Given this huge difference in price estimates between the buyer and unwilling seller, only the legal system
can ascertain what this plunder would cost water customers. No one—not taxpayers, Raftelis or the
government—knows what this takeover would ultimately cost.

The water company earned a profit of $5.3 million in 2002. Assuming it earned that same profit during
each of the next 30 years, LFUCG would still have to find $4.7 million every year to make up the difference
between the estimated $10 million bond payment and the expected annual profit. That gap is sure to be
filled by water customers forced to pay much higher rates to cover the astronomical costs of condemnation.

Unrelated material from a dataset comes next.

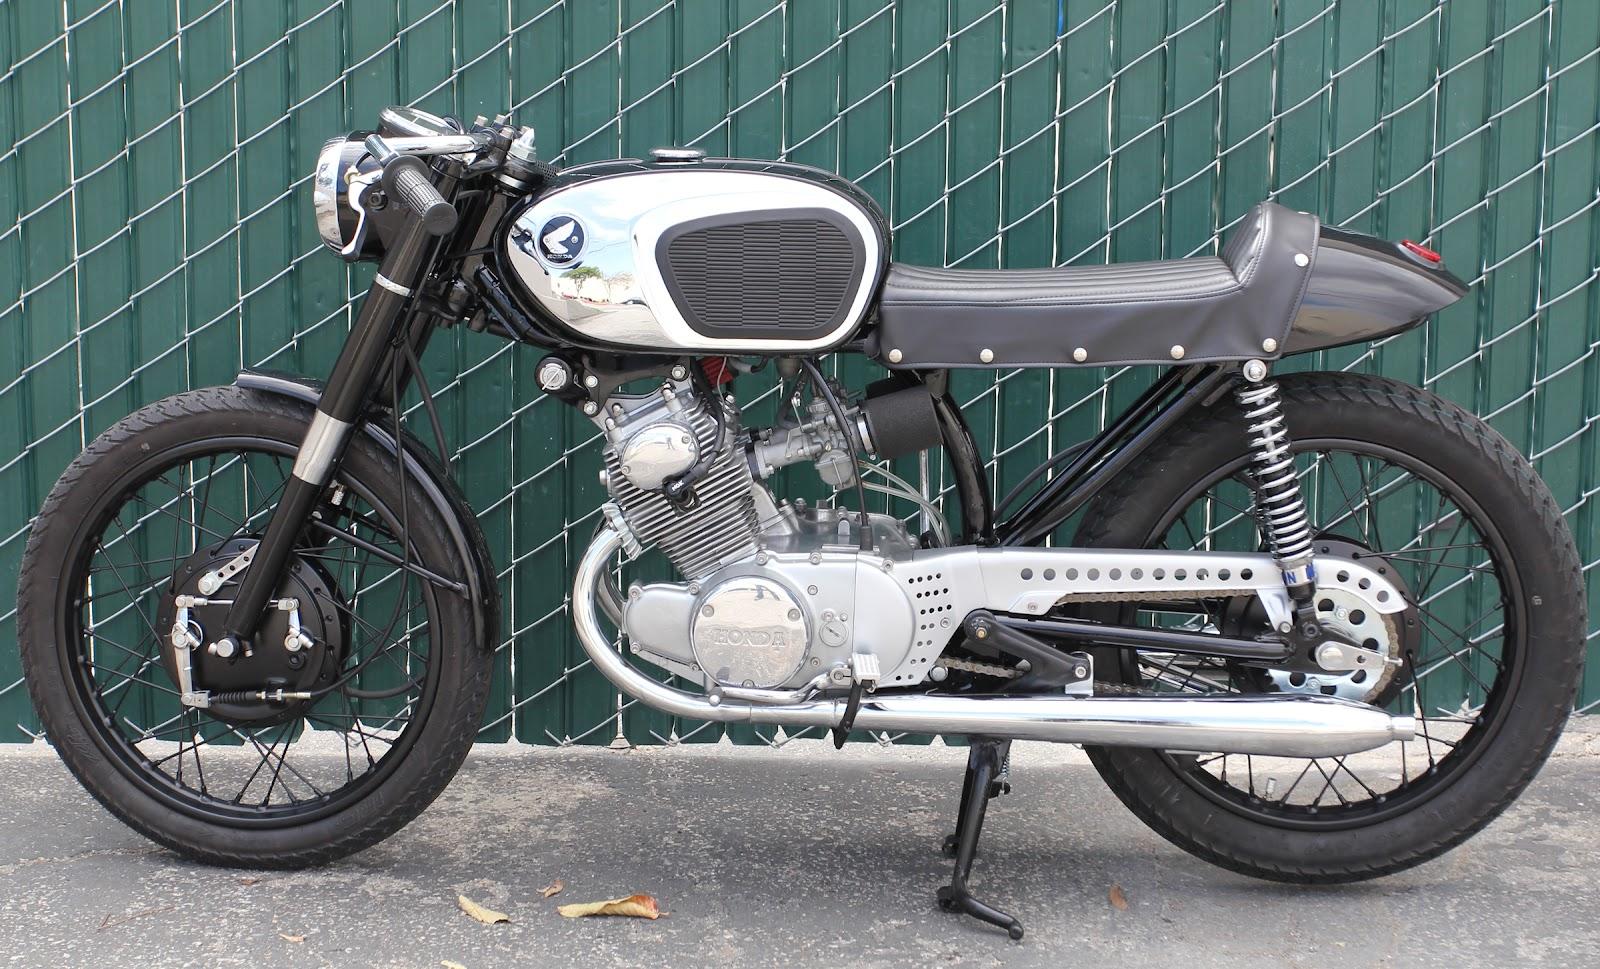 Milchapitas Kustom Bikes Honda CB160 1965 By Lossa

Perhaps in response to municipalities struggling with water contracting, last September, the Water
Partnership Council (WPC) issued a “blueprint” for public-private partnerships to mayors and other
municipal officials at the U.S. Conference of Mayors’ Urban Water Summit in Chicago. The handbook,
Establishing Public-Private Partnerships for Water and Wastewater Systems: A Blueprint for Success
(http://www.waterpartnership.org/), offers guidance to communities considering whether to partner with the
private sector and how to manage public-private partnerships to meet their water and wastewater needs.

WPC President Don Evans noted that the handbook “is the result of our members’ three decades of
experience in serving communities across the country—it presents the facts about water and wastewater
partnerships and the value they can provide to communities.” Chapters cover everything from the basics of
partnering and cost savings, to taking care of employees and developing an effective contract.